Nem o próprio Raul Seixas imaginava onde O dia em que a terra parou iria parar e que situação a tiraria do seu baú. Foi uma forma lúdica que alguém encontrou de ler aquelas sonoras previsões proféticas se realizando neste agora de nossas vidas. De minha parte, admirador da poesia, vou buscar em outra fonte, mais refinada – segundo meus critérios – não uma profecia, mas uma memória, tão irônica e provocante, senão mais, que a canção ressuscitada. Trata-se de uma Página de história, que transcrevo para os leitores:
De uma História Universal editada no Século XXXIII: “Os homens do Século Vinte, talvez por motivos que só a miséria explicaria,
costumavam aglomerar-se inconfortavelmente em enormes cortiços de cimento. Alguns atribuem o fato a não se sabe que misterioso pânico ao simples contato com a natureza; mas isso é matéria de ficcinonistas, místicos e poetas… O historiador sabe apenas que chegou a haver, em certas grandes áreas, conjuntos de cortiços erguidos lado a lado sem o suficiente espaço de arejamento, que poderiam alojar vários milhões de indivíduos. Era, por assim dizer, uma vida de insetos – mas sem a segurança que apresentam as habitações construídas por estes.”
O Caderno H, de Mario Quintana, de onde extraio essa informação poética, traz tantos outros diamantes literários ou, na expressão dele mesmo, quintanares – Que eu vou passando e passando,/ como em busca de outros ares…/ sempre de barco passando,/ cantando meus quintanares, em Canção de barco e de olvido – cuja leitura recomendo com insistência. Nada perderás, exceto se não leres.

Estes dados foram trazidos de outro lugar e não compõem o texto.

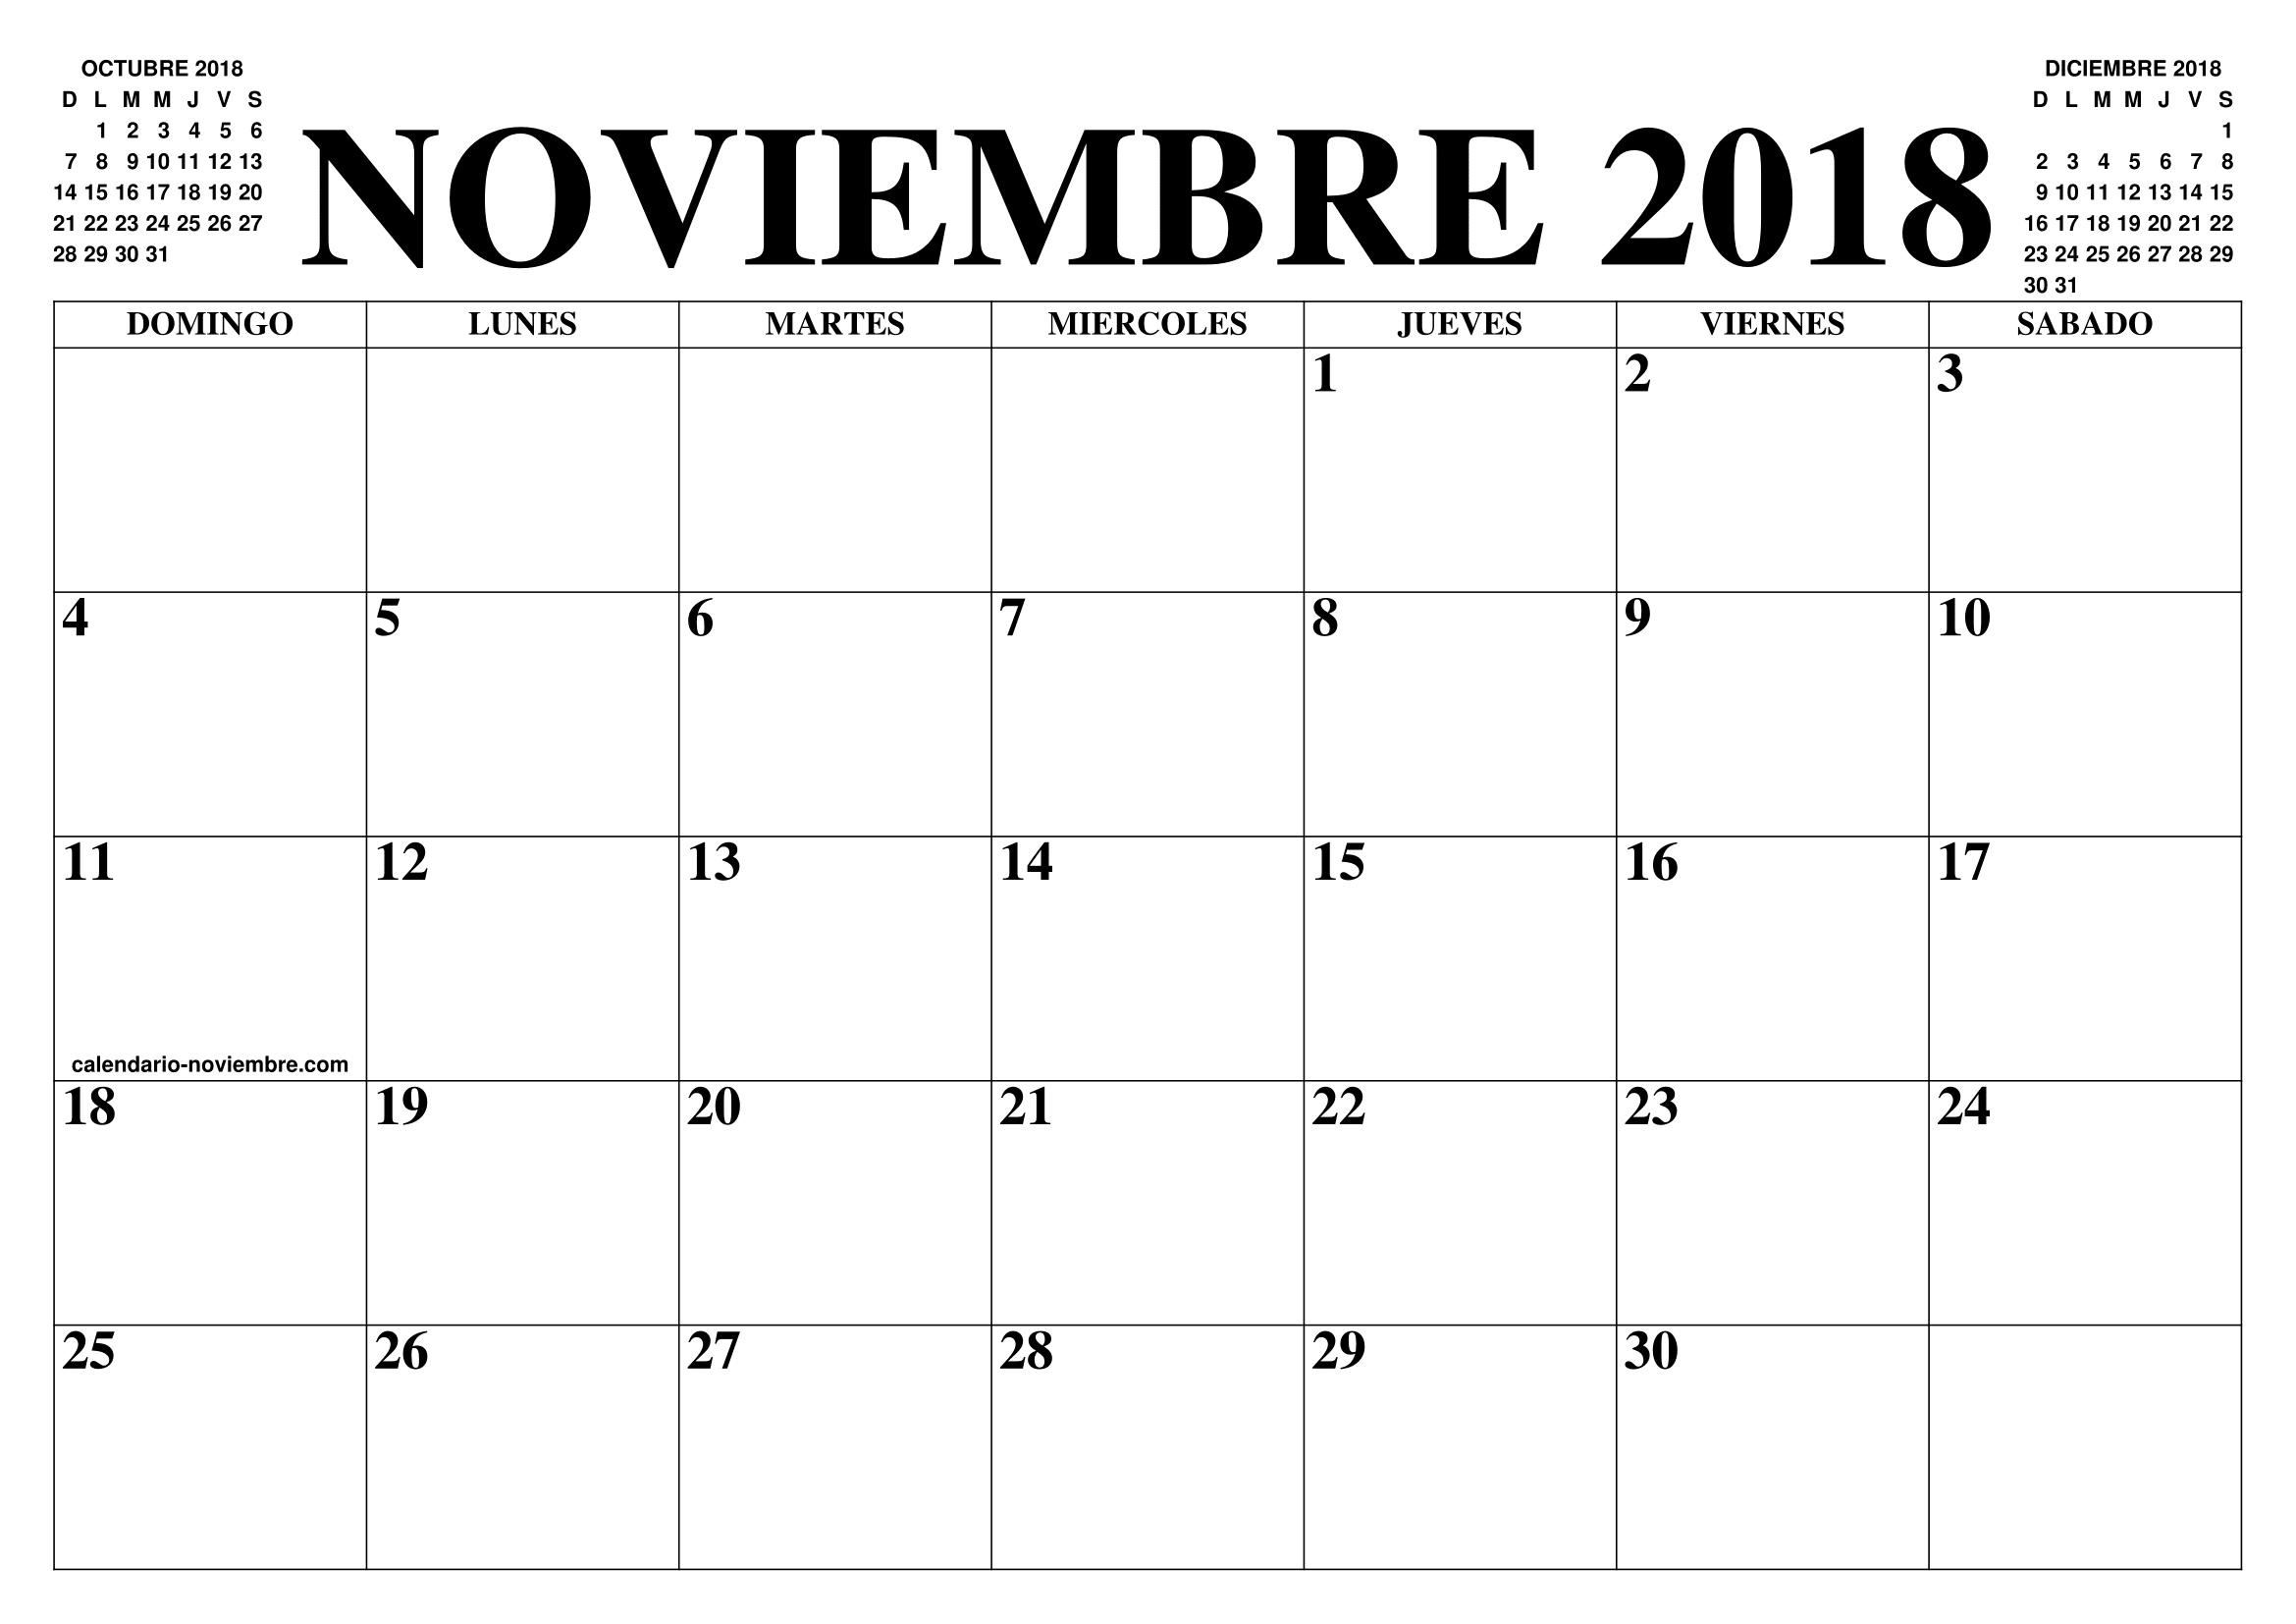 2018 Calendario Noviembre

Mas o que me move são outras reflexões que pedem sejam feitas. Diante da pandemia e cônscio de sua gravidade, eu enxergo além, percebo muitos outros exames que devem ser feitos, não apenas aqueles que confirmam ou descartam a presença do vírus. Pouco a pouco, vou me convencendo de que um exame histórico de nossas consciências, de nosso modus vivendi, de nossas reais preocupações e tanto mais estão ululando no ar, desejando nos infectar positivamente e, se não o formos, continuaremos doentes, pois o Coronavírus, julgo, é reflexo de pandemias antigas e de outras ordens, com diferentes motivações, valoradas por vetores comumente corrompidos, até então e a muito tempo despercebidas pela massa – ou não querendo serem vistas.

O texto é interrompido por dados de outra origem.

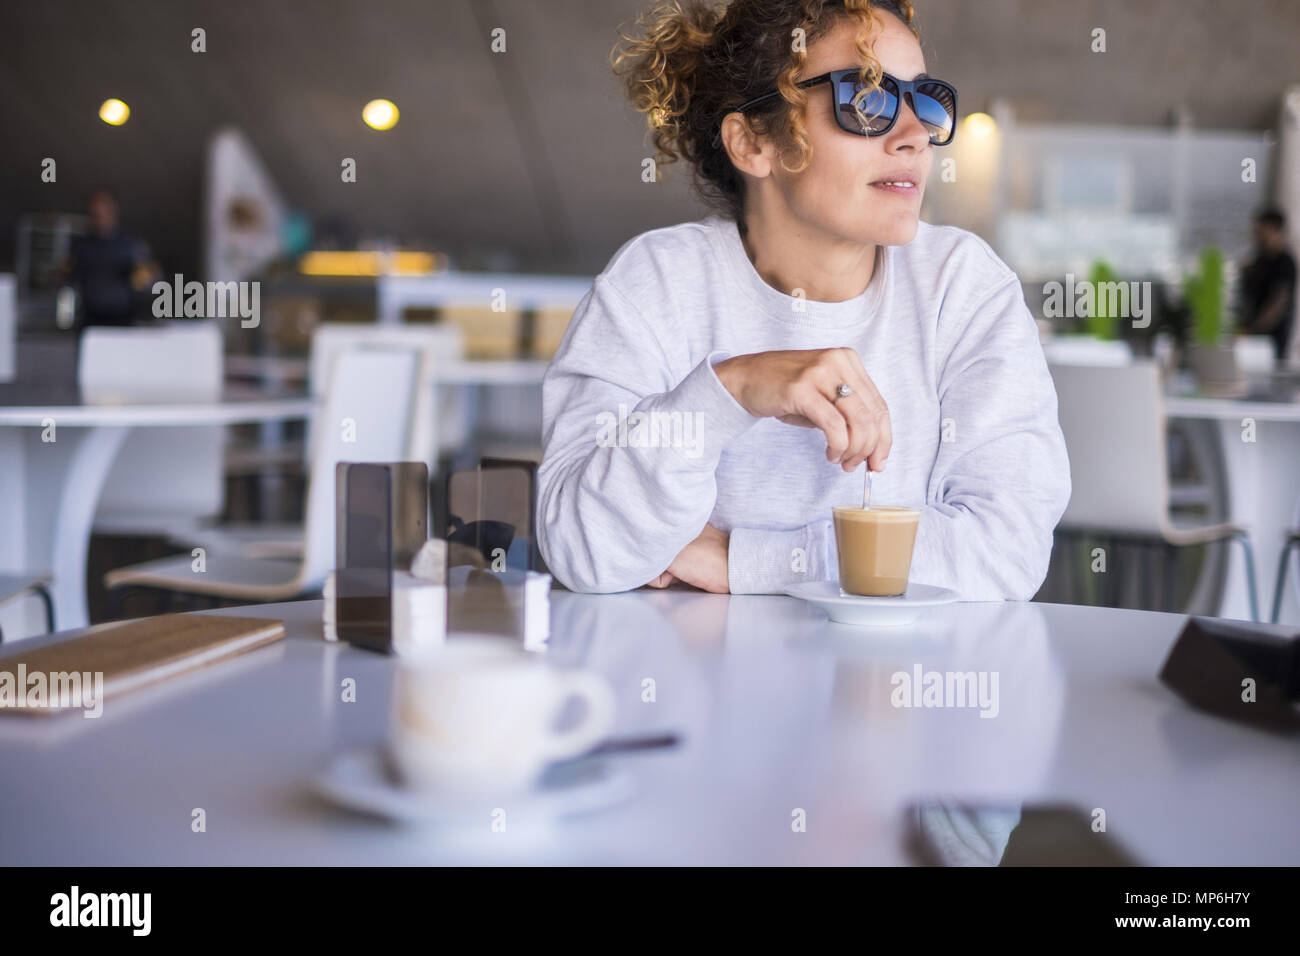 Schönen kaukasischen Frauen mittleren Alters mit Sonnenbrille, und trinken Sie einen Kaffee in einer Bar. outdoor Licht vom Fenster für eine Freizeit rest Moment während des Stockbild

Em outro quintanar seu, o poeta diz que Com o tempo, não vamos ficando sozinhos apenas pelos que se foram: vamos ficando sozinhos uns dos outros, pensamento cujo título é Coisas do tempo, ao que acrescentaríamos o pronome possessivo nosso, Coisas do nosso tempo. Penso em todos aqueles que já vivem a solidão em seu dia-a-dia e que, agora, sós e isolados, devido ao
misterioso pânico ao simples contato com a natureza – lembrando a Página de história – encontram-se em seus aposentos, esperando… Com toda a força metafórica que a poesia contém, foi assim mesmo que aconteceu: Cinco minutos
depois que todas as nações do mundo decretaram mobilização geral, houve a imobilização geral – está no Caderno H, letra que dá início a esta pequena História do fim do mundo.
Estamos longe do fim do mundo, óbvio. É apenas o tom dramático que carrega consigo um verso bem escrito e que caiu bem no enredo. Mas também é verdade que esta Pausa está longe, Oh! [como está longe de] todo o sossego e lucidez das madrugadas, quando o último grilo já parou seu canto e ainda não se ouviu o canto do primeiro pássaro – sempre Mario Quintana, poeta
e pro(feta)fundo conhecedor da vida.